BEGIN Source records

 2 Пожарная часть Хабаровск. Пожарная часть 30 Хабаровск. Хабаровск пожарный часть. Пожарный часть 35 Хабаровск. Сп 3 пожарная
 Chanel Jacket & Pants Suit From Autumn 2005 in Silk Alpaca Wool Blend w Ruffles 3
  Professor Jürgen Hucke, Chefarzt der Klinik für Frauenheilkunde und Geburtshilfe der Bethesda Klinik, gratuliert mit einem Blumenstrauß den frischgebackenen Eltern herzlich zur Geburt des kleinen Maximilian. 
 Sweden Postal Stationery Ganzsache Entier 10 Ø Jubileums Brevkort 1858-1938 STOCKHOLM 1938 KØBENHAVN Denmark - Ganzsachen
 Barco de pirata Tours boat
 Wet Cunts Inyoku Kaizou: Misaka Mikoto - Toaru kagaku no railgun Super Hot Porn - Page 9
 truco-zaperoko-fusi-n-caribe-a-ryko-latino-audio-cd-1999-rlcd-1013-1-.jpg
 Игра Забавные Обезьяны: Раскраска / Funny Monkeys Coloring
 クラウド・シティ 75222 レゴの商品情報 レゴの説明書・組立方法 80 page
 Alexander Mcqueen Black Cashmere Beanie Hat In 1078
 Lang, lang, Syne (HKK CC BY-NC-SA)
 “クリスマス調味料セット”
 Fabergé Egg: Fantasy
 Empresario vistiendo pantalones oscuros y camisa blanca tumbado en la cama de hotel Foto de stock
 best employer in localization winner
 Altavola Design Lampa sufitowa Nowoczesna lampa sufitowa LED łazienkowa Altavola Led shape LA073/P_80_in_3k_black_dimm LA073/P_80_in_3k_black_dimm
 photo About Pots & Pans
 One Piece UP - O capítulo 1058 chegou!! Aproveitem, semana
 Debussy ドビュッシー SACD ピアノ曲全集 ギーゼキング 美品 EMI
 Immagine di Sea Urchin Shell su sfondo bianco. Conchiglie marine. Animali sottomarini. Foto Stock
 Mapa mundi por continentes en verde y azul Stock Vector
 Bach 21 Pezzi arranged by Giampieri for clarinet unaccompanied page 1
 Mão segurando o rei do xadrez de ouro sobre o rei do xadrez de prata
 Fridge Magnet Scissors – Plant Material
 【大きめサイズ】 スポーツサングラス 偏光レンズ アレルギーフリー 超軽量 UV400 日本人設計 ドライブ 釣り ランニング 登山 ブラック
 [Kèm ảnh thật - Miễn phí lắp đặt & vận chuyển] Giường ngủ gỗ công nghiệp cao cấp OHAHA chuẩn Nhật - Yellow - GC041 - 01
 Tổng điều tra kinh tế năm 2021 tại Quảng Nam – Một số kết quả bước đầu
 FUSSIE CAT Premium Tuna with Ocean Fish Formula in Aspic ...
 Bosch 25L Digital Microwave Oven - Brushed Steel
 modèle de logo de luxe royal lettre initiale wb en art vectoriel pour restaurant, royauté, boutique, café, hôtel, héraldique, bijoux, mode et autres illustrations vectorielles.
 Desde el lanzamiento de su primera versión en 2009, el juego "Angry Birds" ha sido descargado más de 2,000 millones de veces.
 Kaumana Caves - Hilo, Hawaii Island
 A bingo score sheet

END Source records

In the records above, how many lines include "Foto"? Answer with the number alone.

# Reply to the task
2